PROBLEM TO WORK ON → The lines you should transcribe are those from the one containing "dbcc124941c CITIZEN - Citizen" to the end of the listing below, exactly, with pictures left out.

MATERIAL PROVIDED →
__________________________________________________
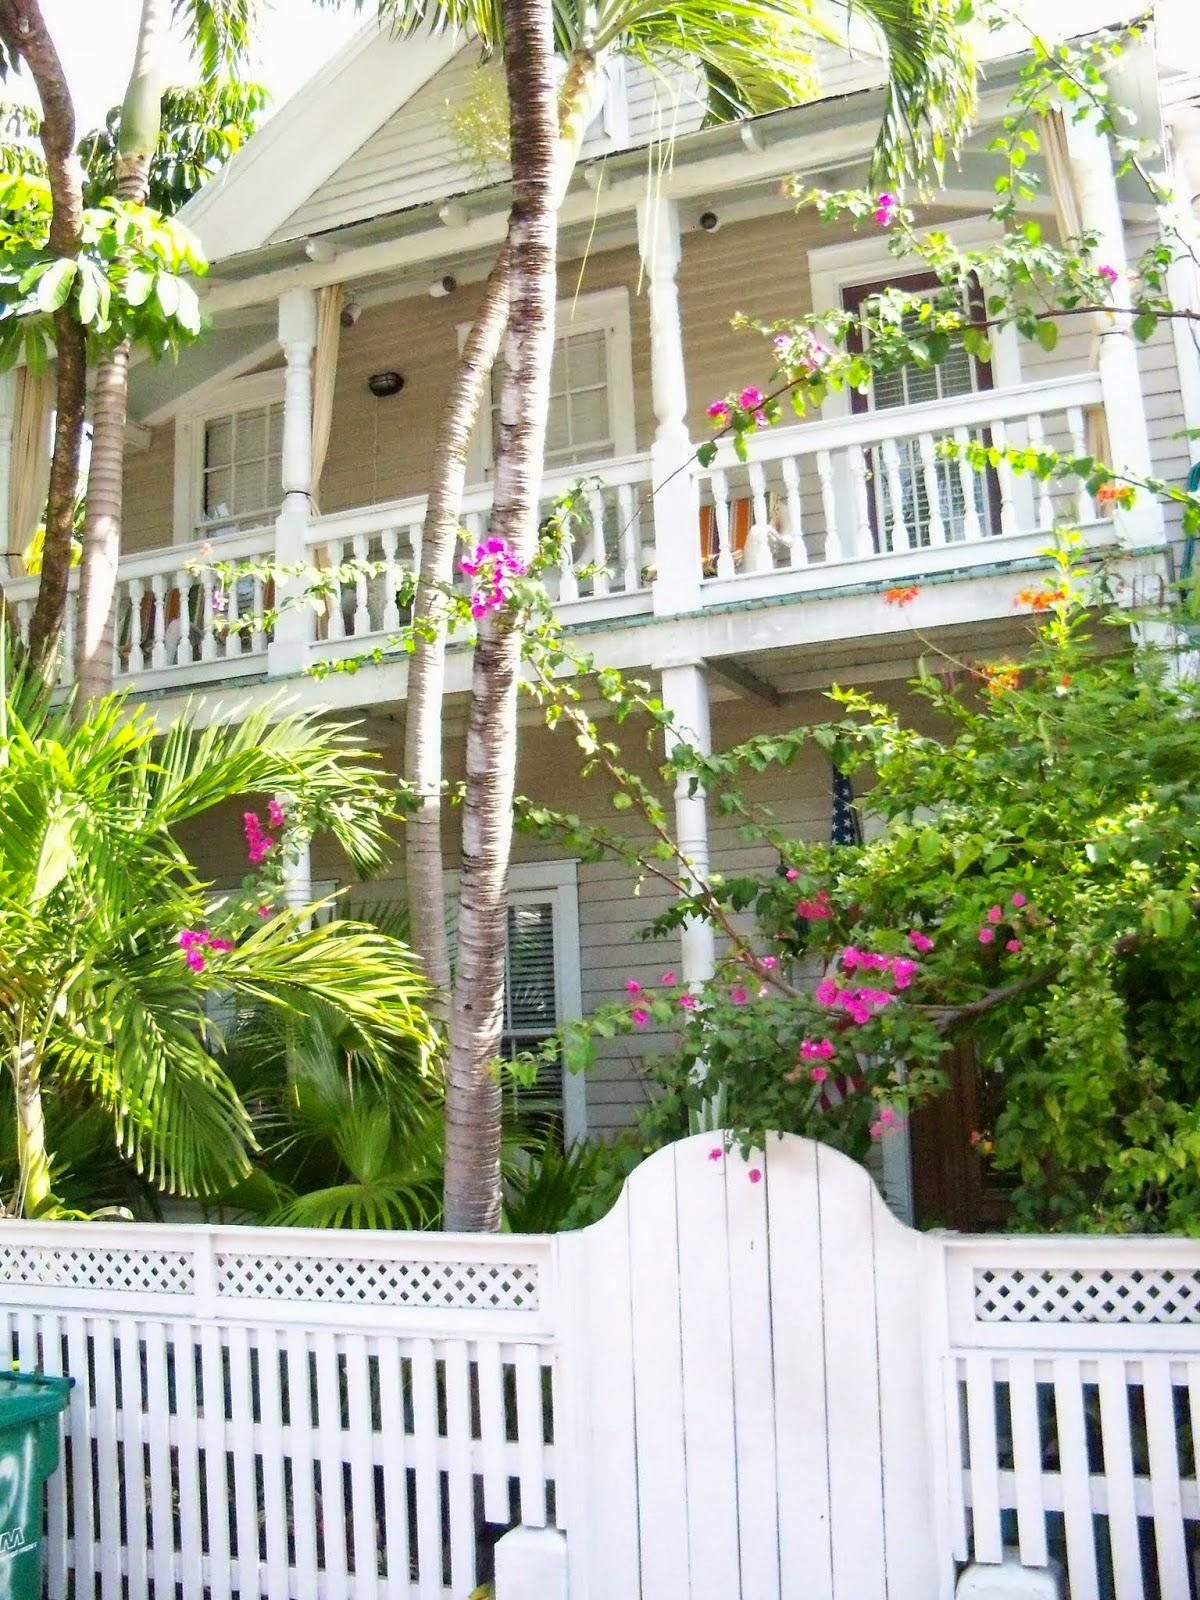 Key West Vacation - 116_5643.JPG
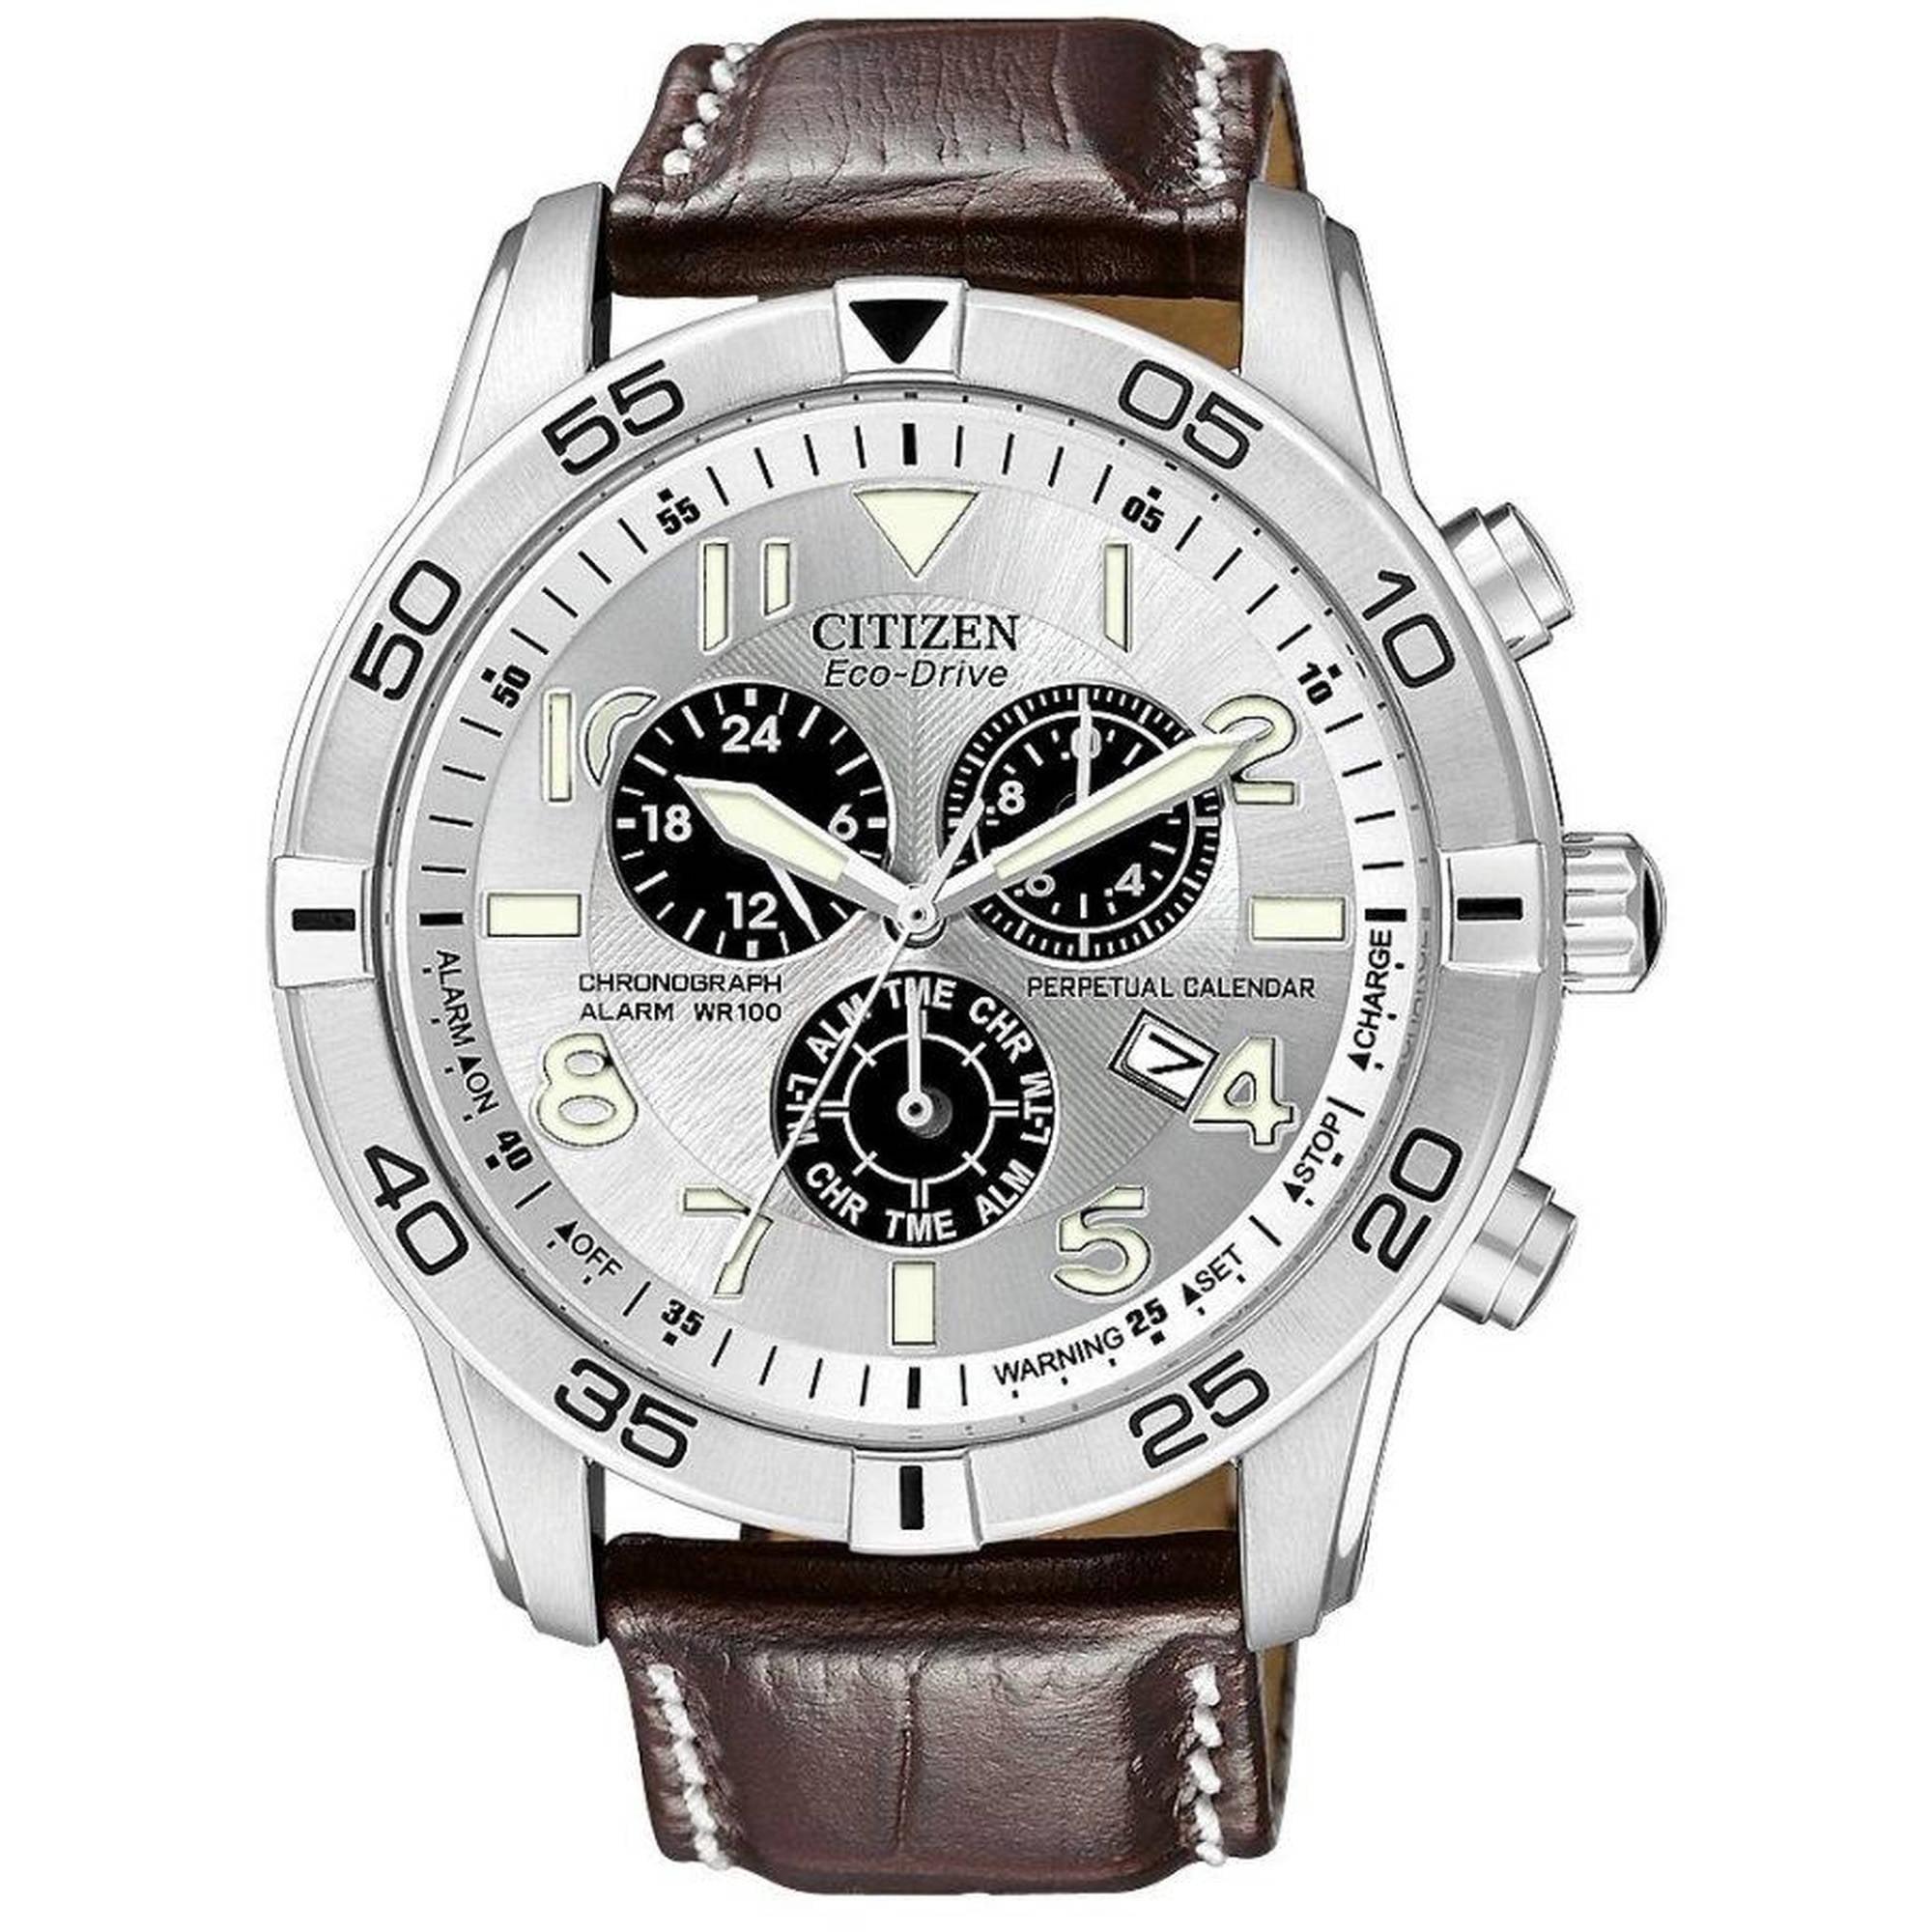 dbcc124941c CITIZEN - Citizen Eco-Drive Alarm Chronograph Perpetual Mens Watch  BL5470-06A - Walmart.com
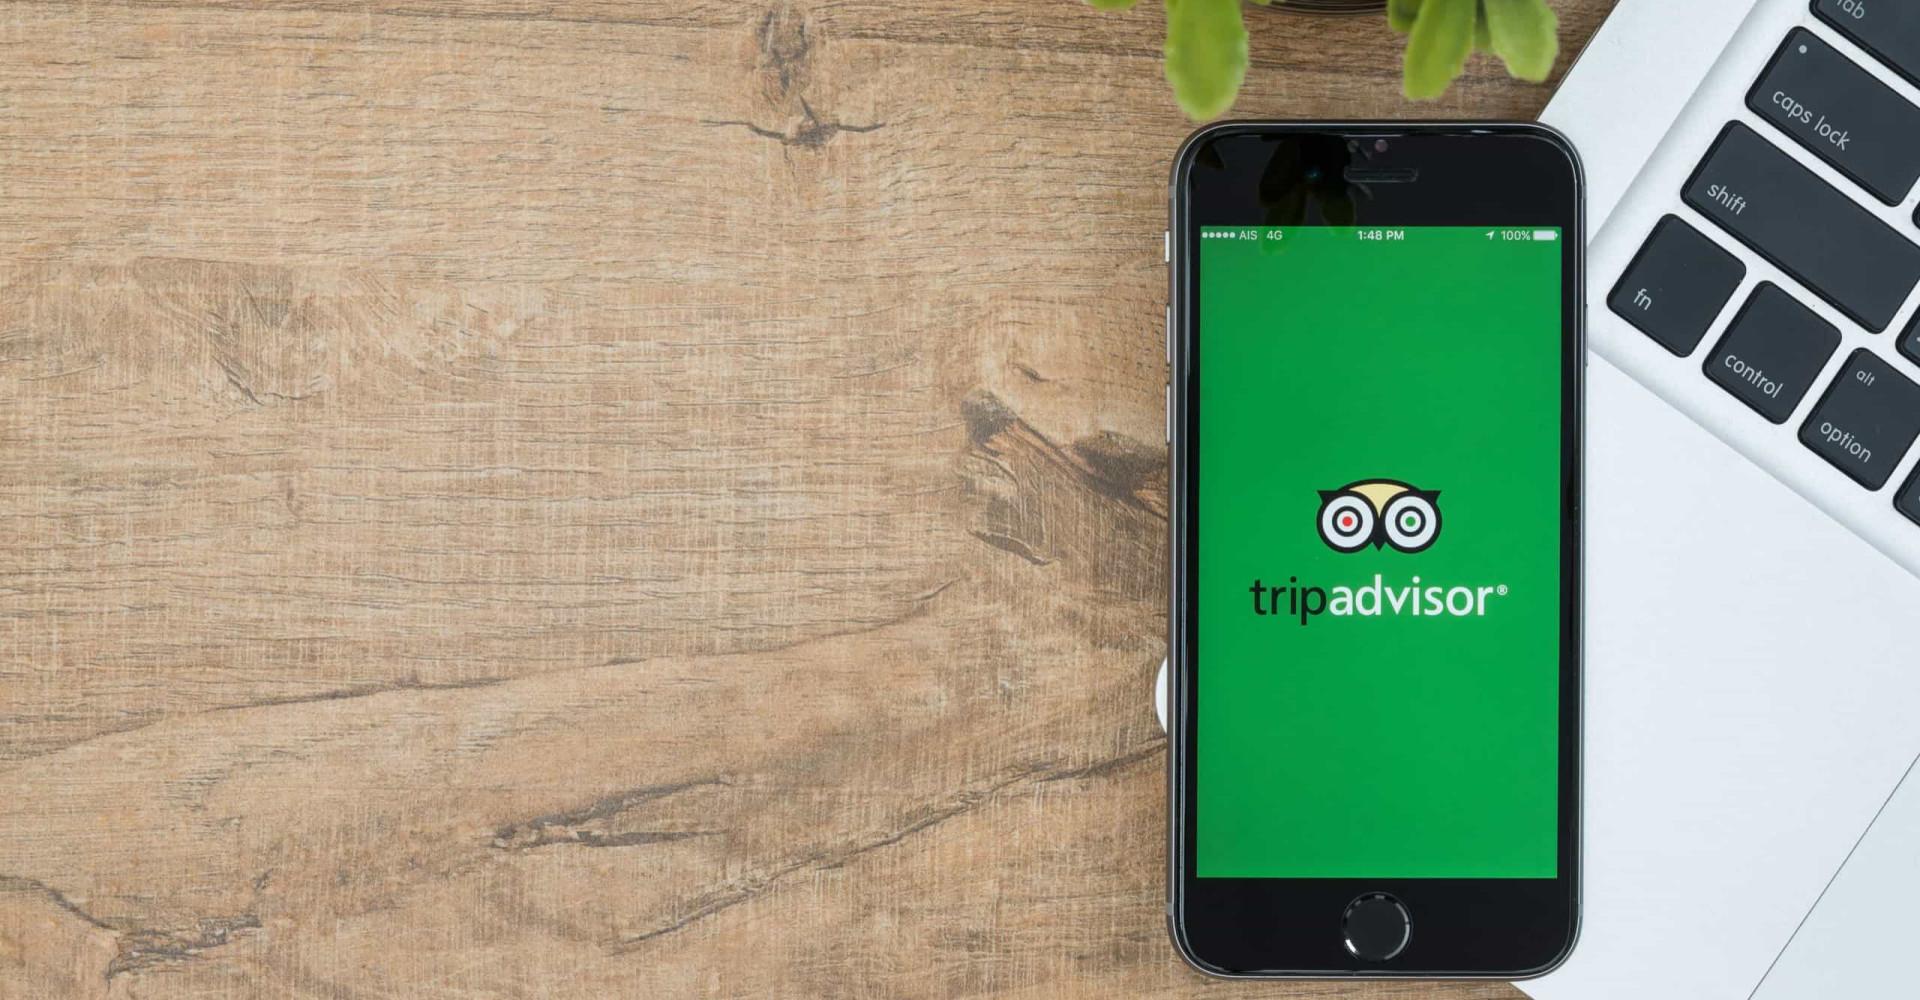 The most absurd TripAdvisor reviews
__________________________________________________
EXPECTED ANSWER →
 dbcc124941c CITIZEN - Citizen Eco-Drive Alarm Chronograph Perpetual Mens Watch  BL5470-06A - Walmart.com
 The most absurd TripAdvisor reviews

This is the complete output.